Cerca de 800 mulheres camponesas, organizadas pela Via Campesina, estão ocupando a multinacional Bunge, em Luziânia (BR 040- entorno de Brasília), Distrito Federal. Na Paraíba, mais de 450 mulheres camponesas ocupam o Engenho da Usina Giasa, no município de Pedra de Fogo. O Engenho, atualmente com registro sobre o nome BioSev, pertence a um grupo francês, cujo um donos é o ex-jogador de futebol francês Zinédine Zidane. 

Em Goiás, mais de 1.500 mulheres do MST, do Movimento Camponês Popular (MCP) e da Federação dos Trabalhadores na Agricultura Familiar (Fetraf) ocupam a Secretaria da Fazenda. Elas reivindicam a aprovação da Lei de Fortalecimento da Agricultura Familiar e Camponesa, travada na Casa Civil de Goiás. A Lei cria um fundo com 0,5% do orçamento anual do Governo do Estado para políticas públicas estaduais de agricultura camponesa. 

No Mato Grosso, cerca de 300 mulheres de assentamentos e acampamentos do MST no Estado marcham pela cidade de Cáceres. Desde sábado, 07, as camponesas estão reunidas no município, onde também realizam estudos. O município de Cáceres foi escolhido por causa da expansão do agronegócio e da mineração, além de ter projetos previstos para a região da bacia do Alto Paraguai, uma das principais formadoras do Pantanal. 

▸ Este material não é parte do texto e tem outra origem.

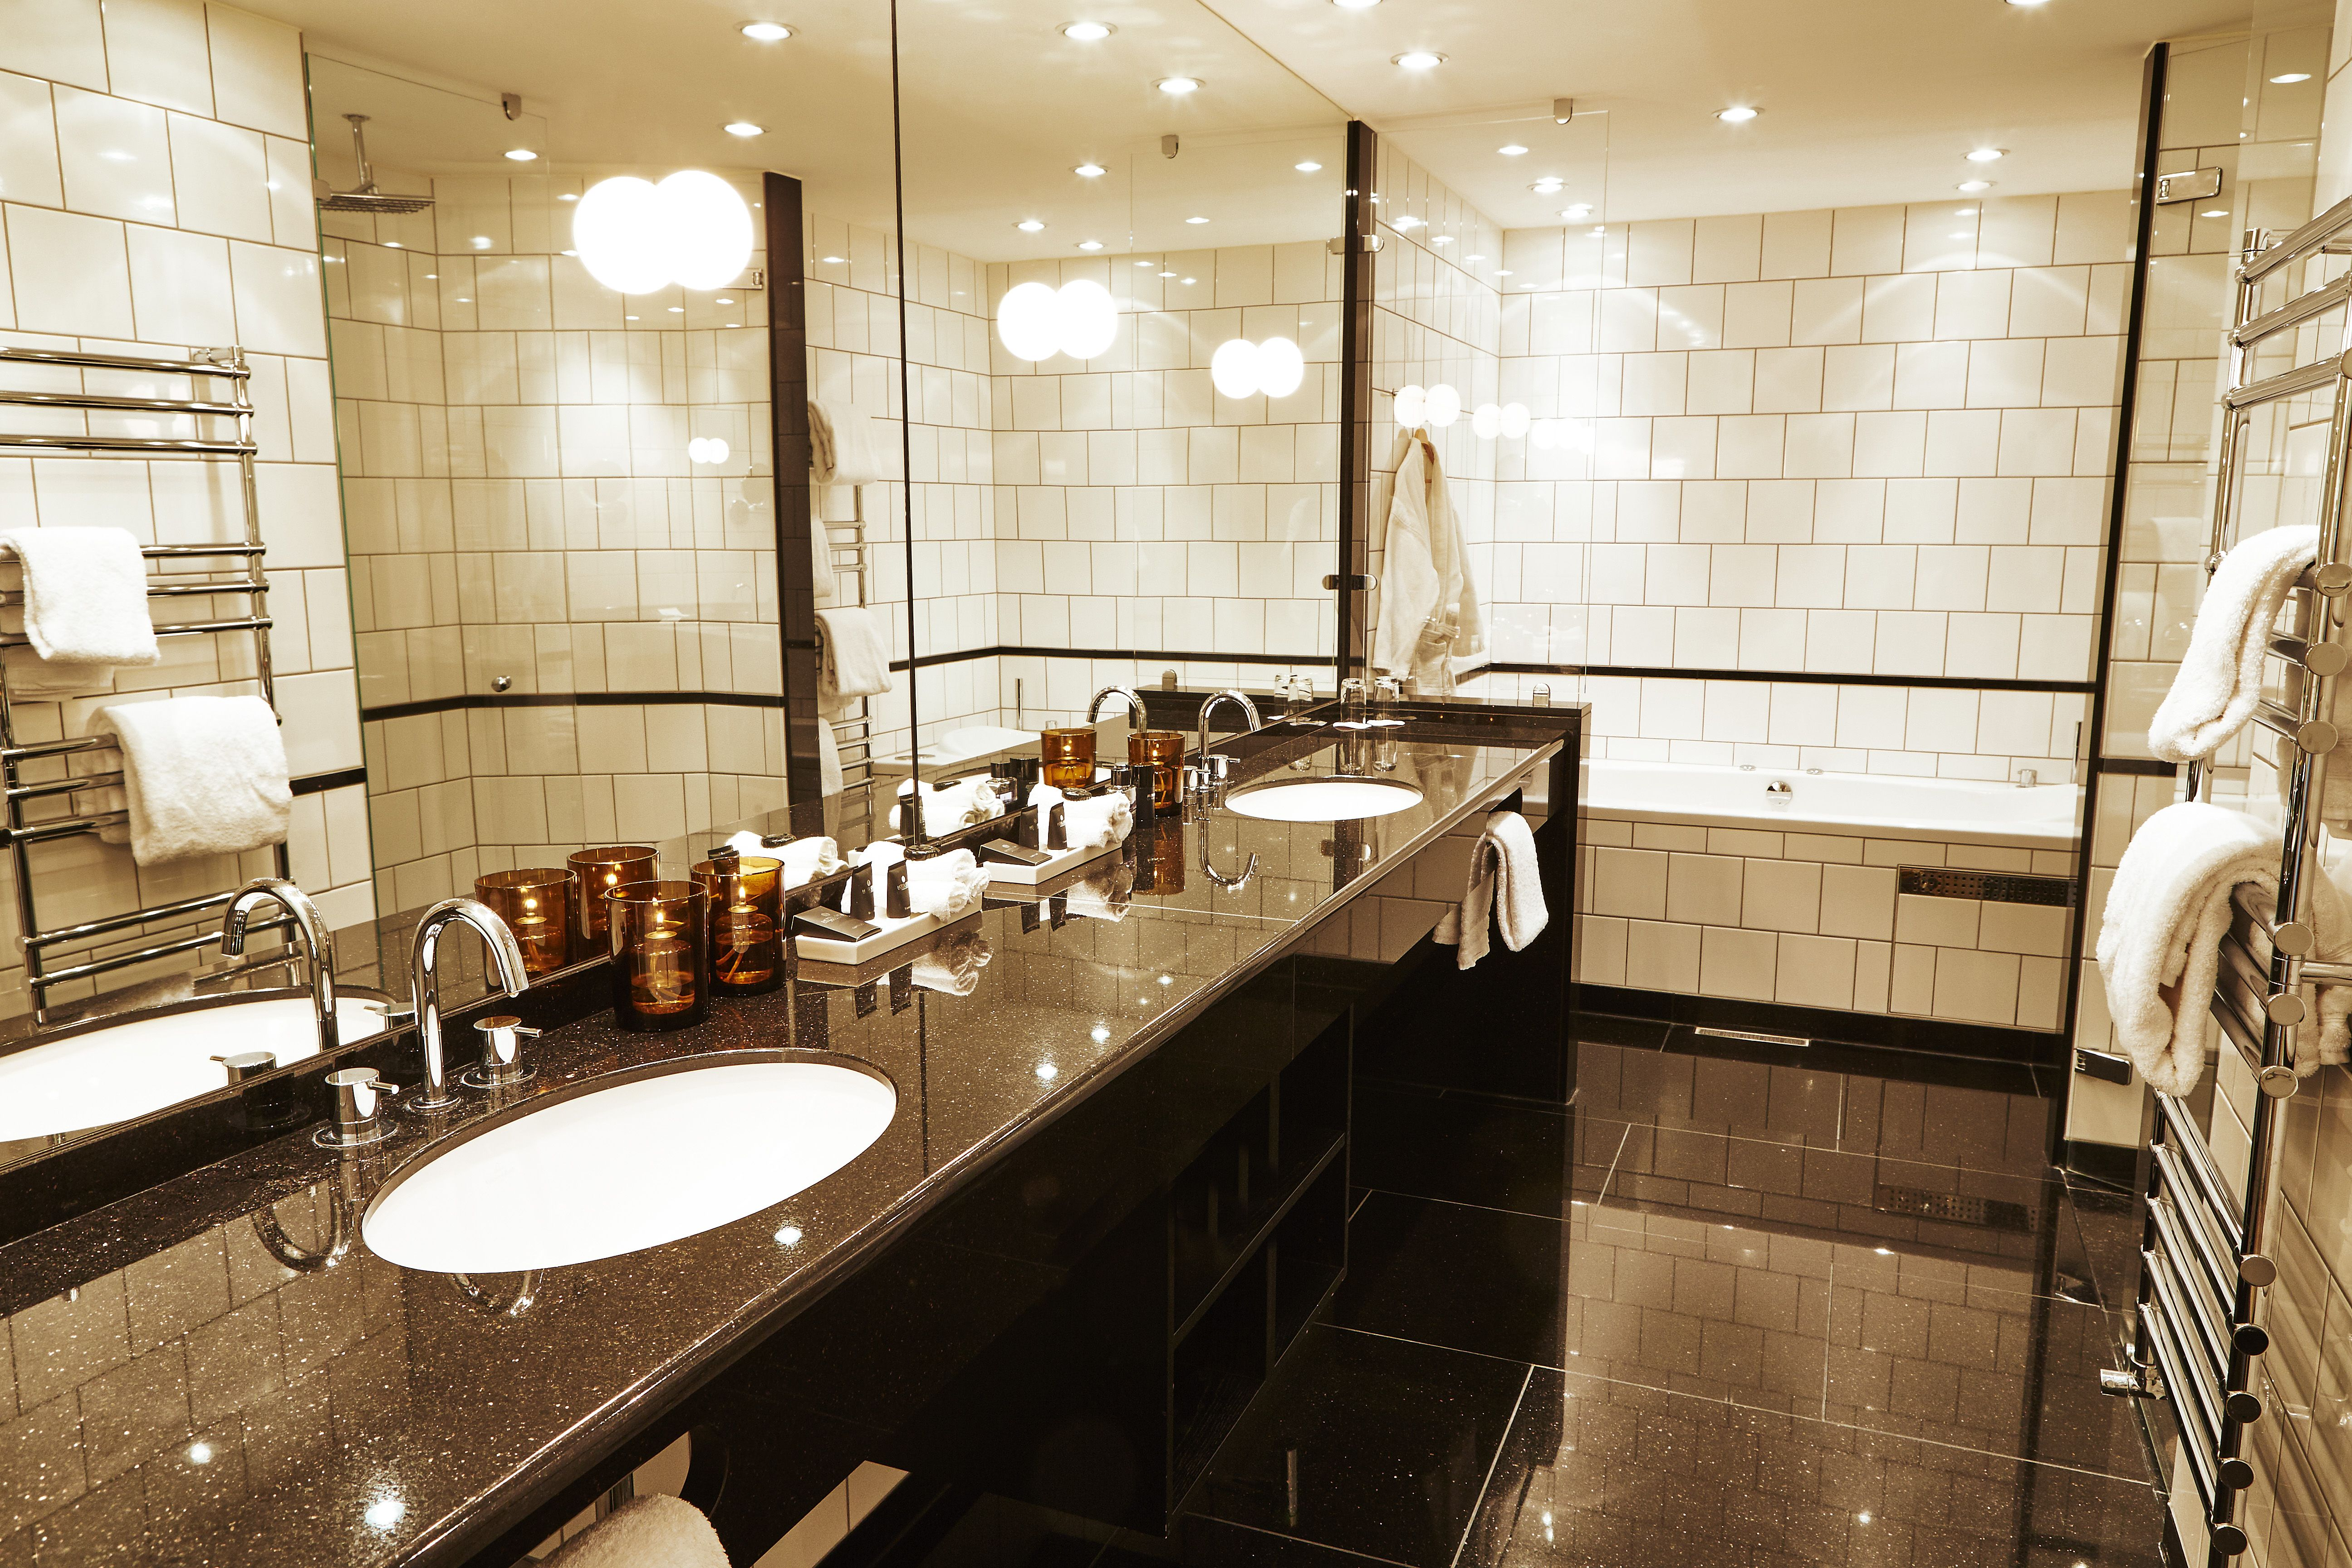 Juniorsuite badeværelse

No Tocantins, mais de 250 mulheres trancam a Rodovia Belém Brasília (BR 153), na cidade de Guaraí. Em Maceió (Alagoas), as mulheres ocupam desde a noite deste domingo, 08, a sede da superintendência do Ministério da Agricultura, Pecuária e Abastecimento. As camponesas denunciam o modelo devastador de produção da cana-de-açúcar e a atual intensificação da plantação de eucalipto no estado. 

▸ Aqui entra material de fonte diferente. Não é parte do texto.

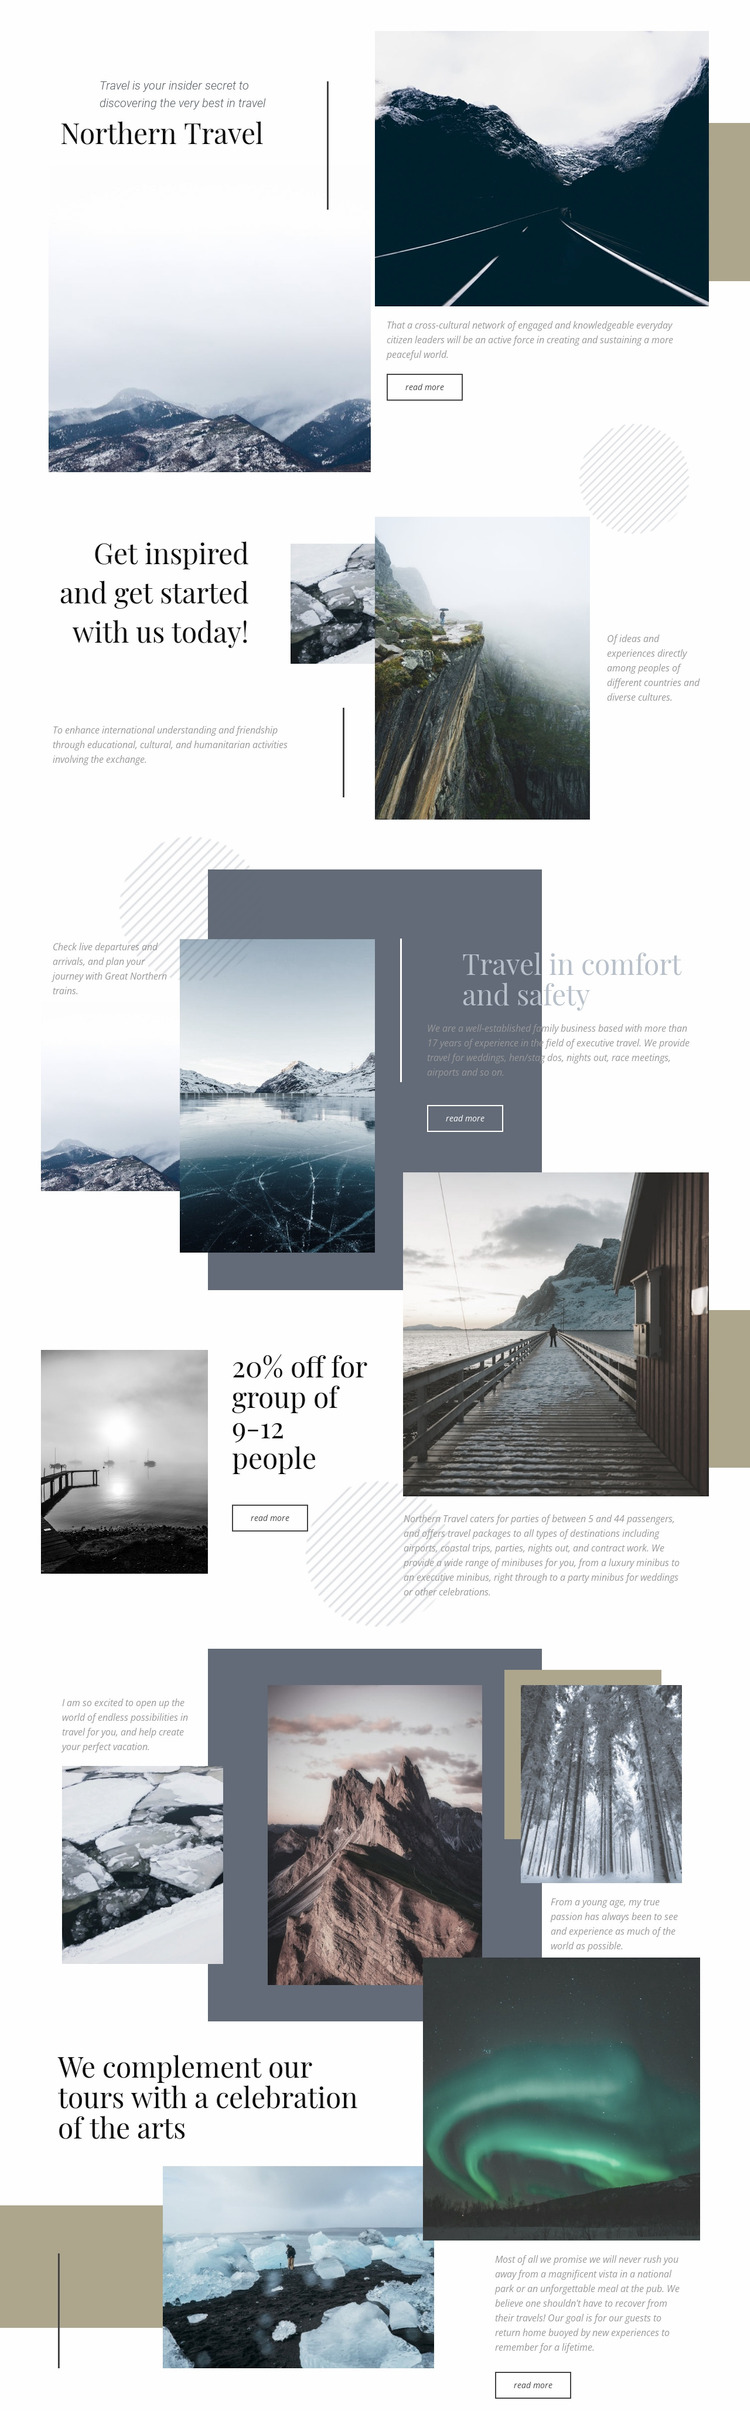 Northern Travel WordPress Website Builder

No Espírito Santo, centenas de mulheres de organizações do campo realizam uma marcha pela cidade de Colatina. 

Na quinta-feira passada, 05, cerca de 1.000 mulheres do MST ocuparam a sede da empresa Suzano/Futura Gene, em Itapetininga (São Paulo), com o objetivo de barrar a votação que liberaria o cultivo de eucalipto transgênico no Brasil. Paralelamente, outras 300 camponeses ocuparam a própria Comissão Técnica Nacional de Biossegurança (CTNBio), onde estava tendo a reunião que liberaria o eucalipto.